Holding the hand of someone in need? That’s God, too. Giving you someone to love or serve, or giving you someone to love and serve you.

Doing the laundry, cleaning bathrooms - yup, that’s God, too. Providing for you; using you to provide for others.

Do you get it? When you lay down your life for others, when you love and serve and mercy as He did, that’s because His glory - His real glory - has rubbed off on you. Because His forgiveness and love and mercy live in you. 

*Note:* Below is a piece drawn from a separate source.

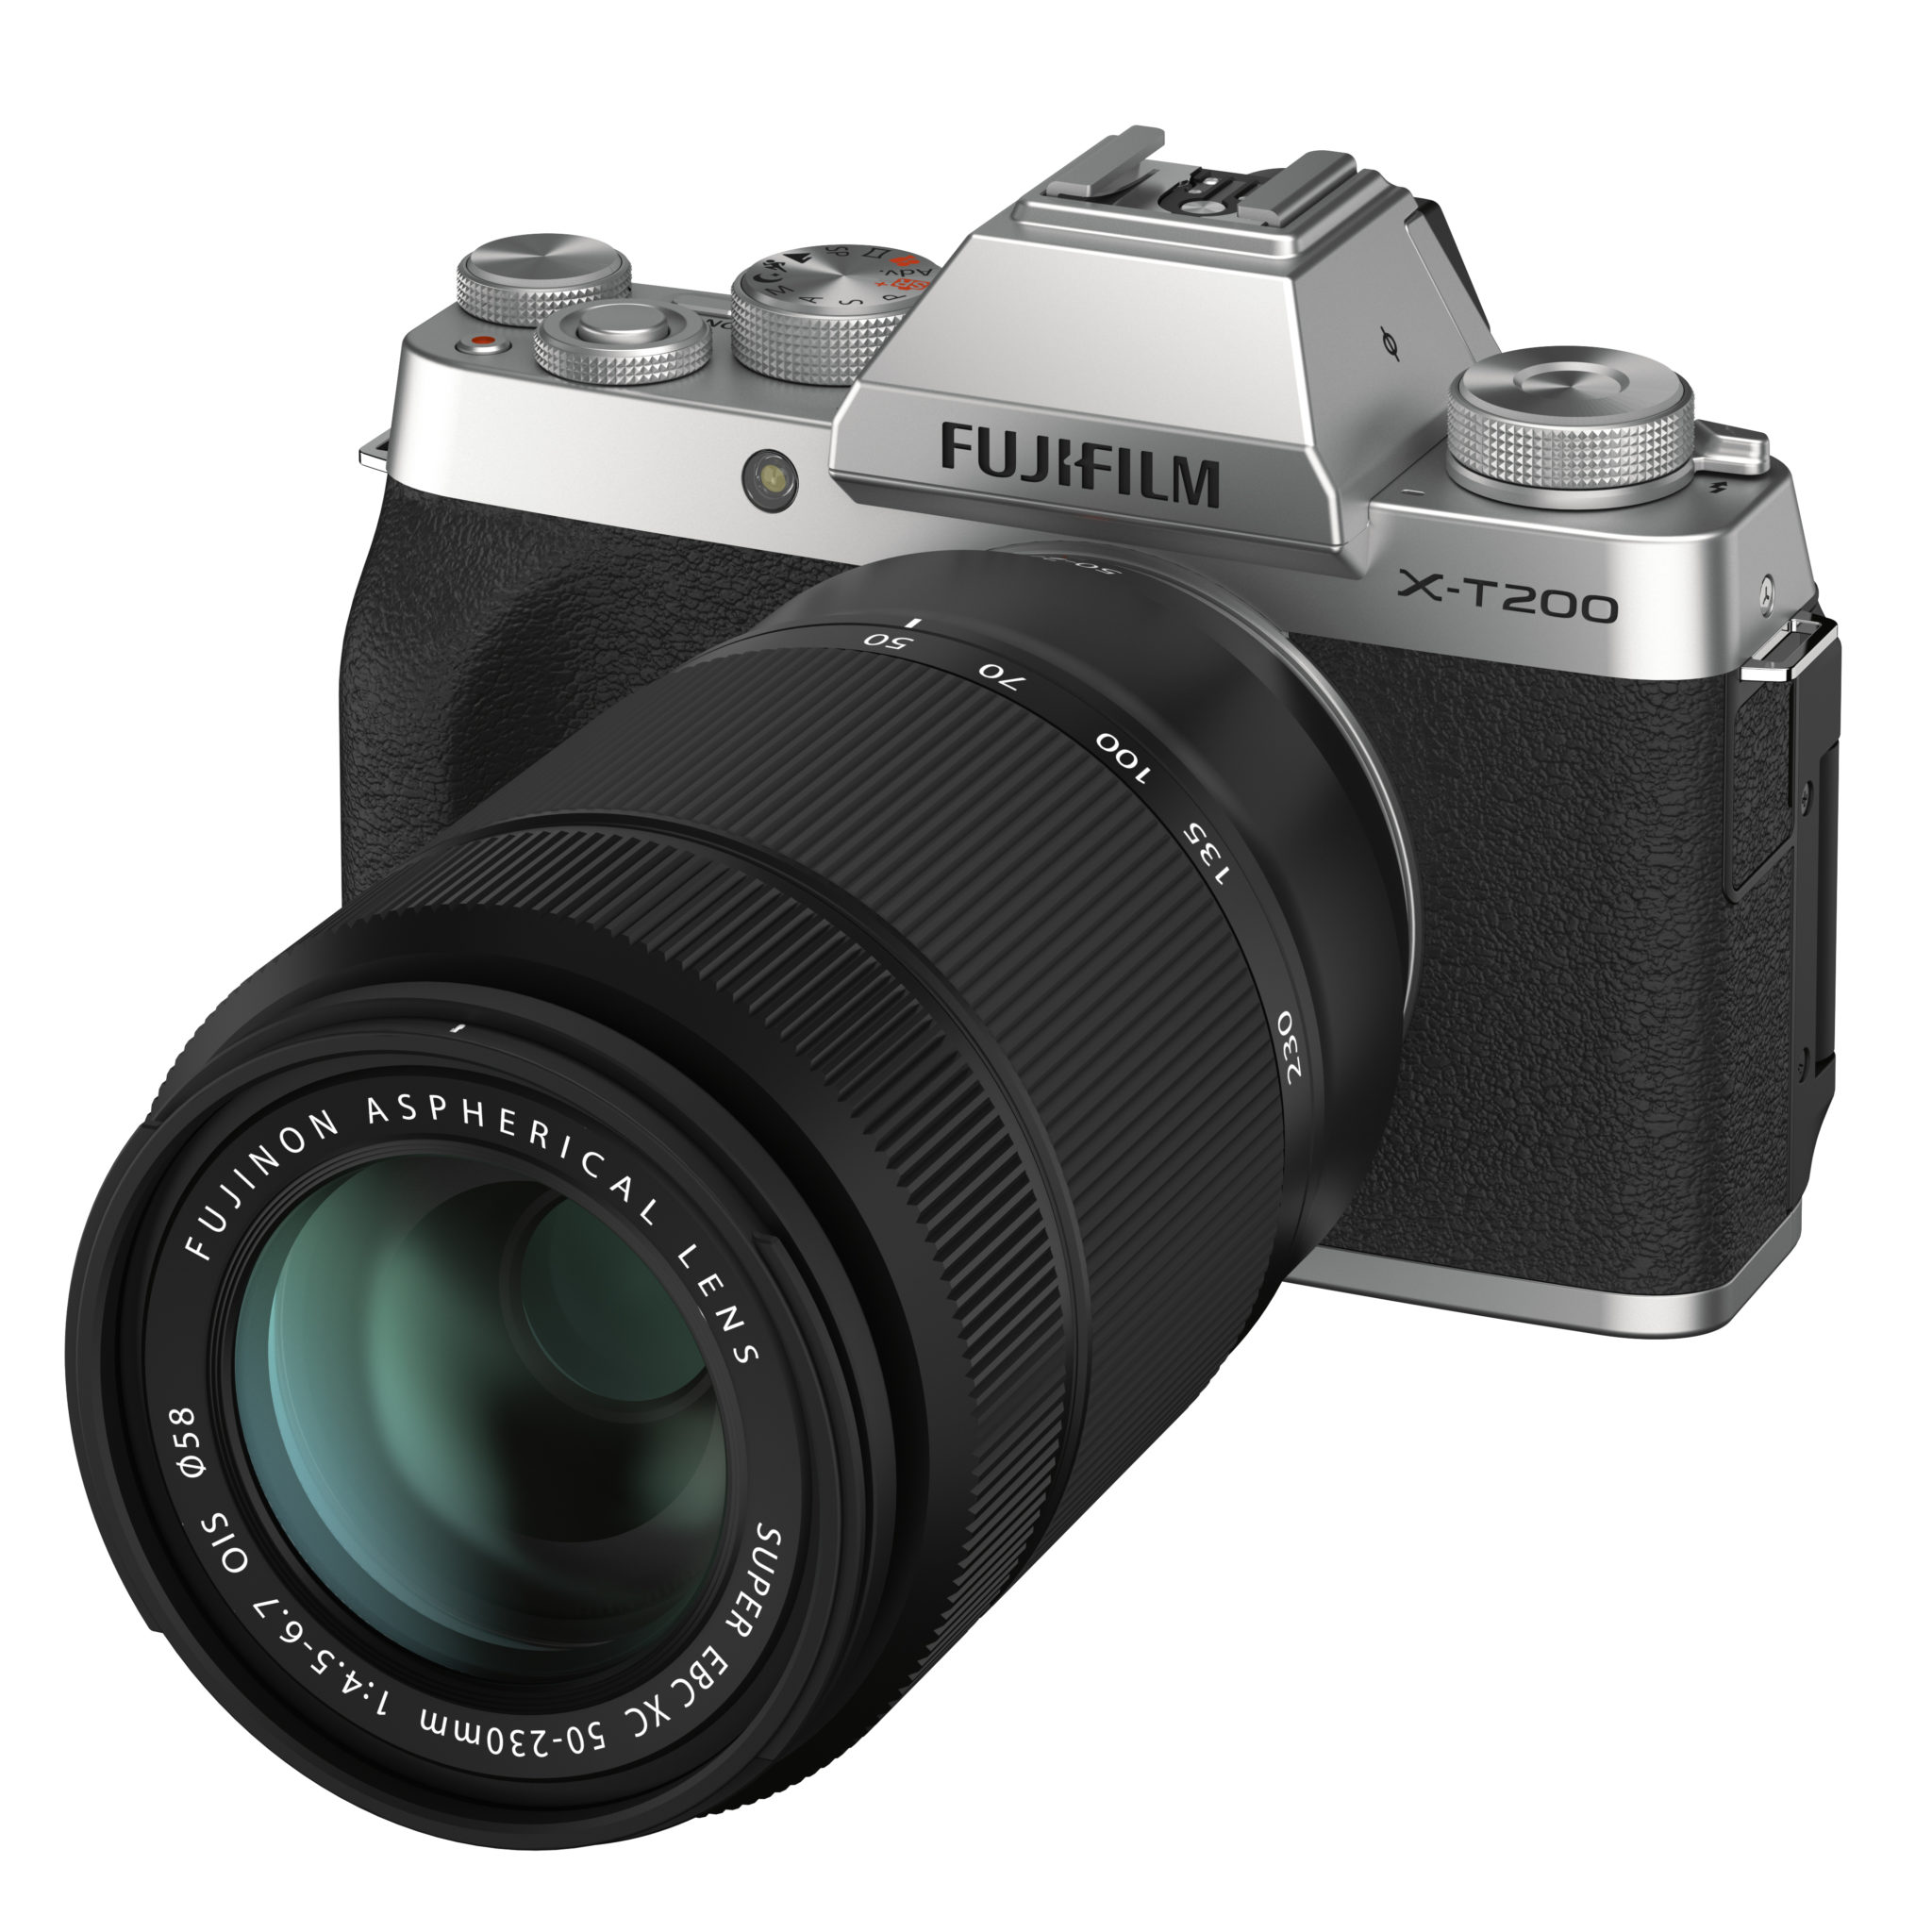 Fujifilm x-t200

And if you look at your life and see a shortage of these things, and find yourself thinking of that other kind of glory, don’t beat yourself up. Jesus already took your beating for you. No, come get what you need. Come get some glorying. Come to where the glory of God is for you. Come to this rented, non-descript building, or to a beautiful church with stained-glass windows and a pipe organ, or to a hospital room with a small group gathered around a small cup and plate. For in those places - in all those places - where His Word is proclaimed and His gifts are given, there is God for you in all His glory. To glory you.

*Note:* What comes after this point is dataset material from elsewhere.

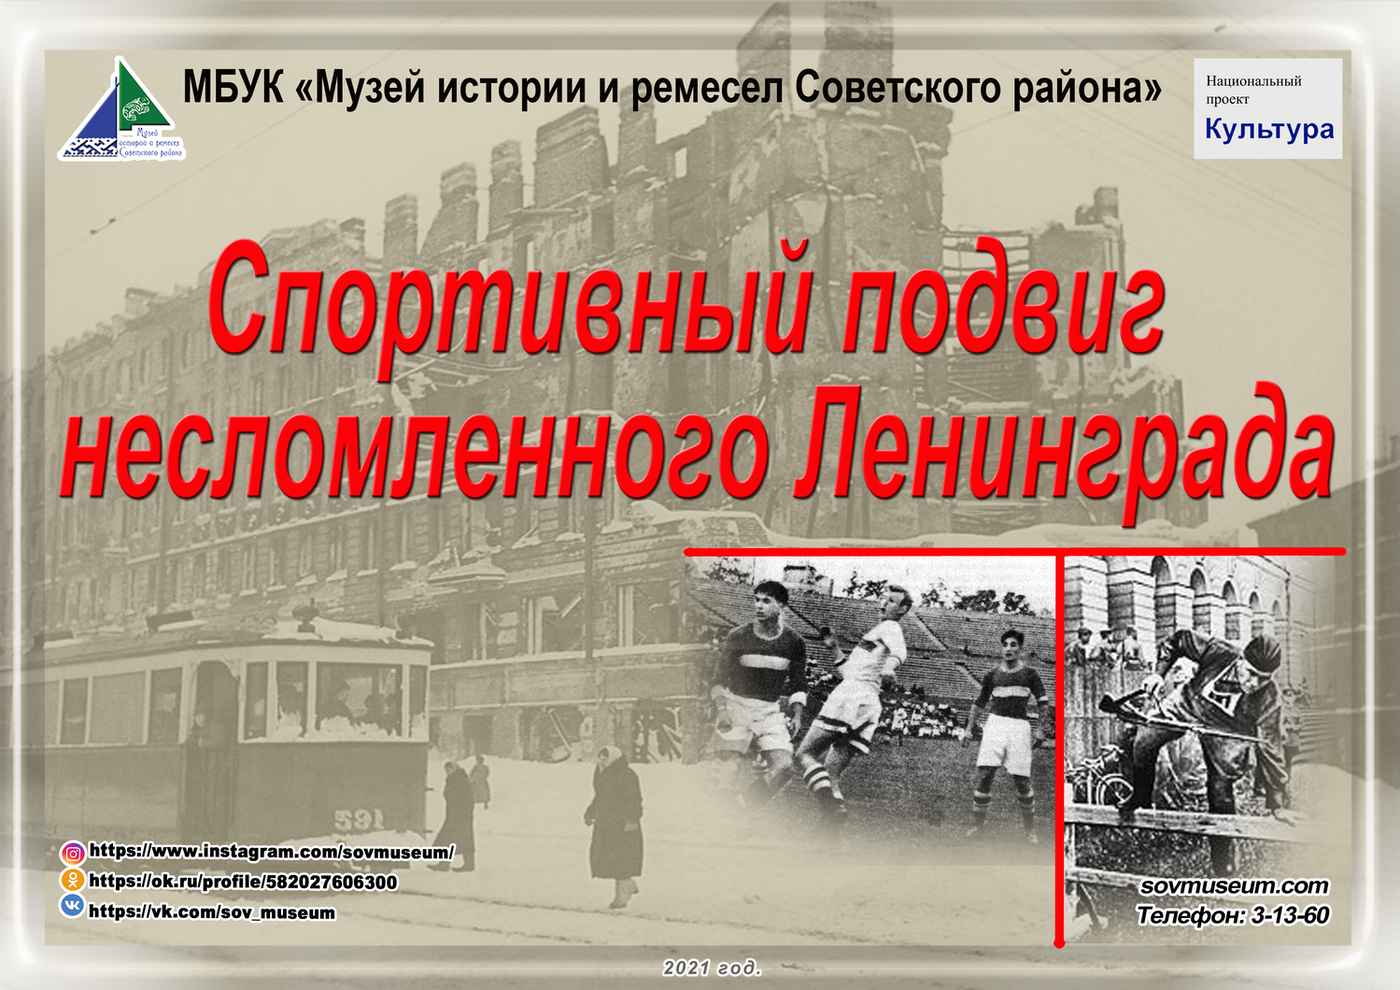 « Спортивный подвиг Блокадного Ленинграда»

And then on the Last Day, when Jesus comes again, you will be among those who, as we will say in the Creed today, have done good and will enter into eternal life. Not because your good things have earned you that - but because your God has glorified you with His glory, and the good that you lived is because of the good you received. From Him. From the glory of the cross in your life. 

And then, on that Day, you will get your invitation - not to the White House! That will be long gone. But to a better and greater house. The house of your God and Saviour, and to a feast that will never end. 

And the song we sang today will be your song then, too. For it will still be quite true. For the truth is eternal. And so the song we sing today is the song we will sing forever.

Blessed be the Holy Trinity and the undivided Unity.
Let us give glory to him because he has shown his mercy to us.

In the Name of the Father, and of the (+) Son, and of the Holy Spirit. Amen.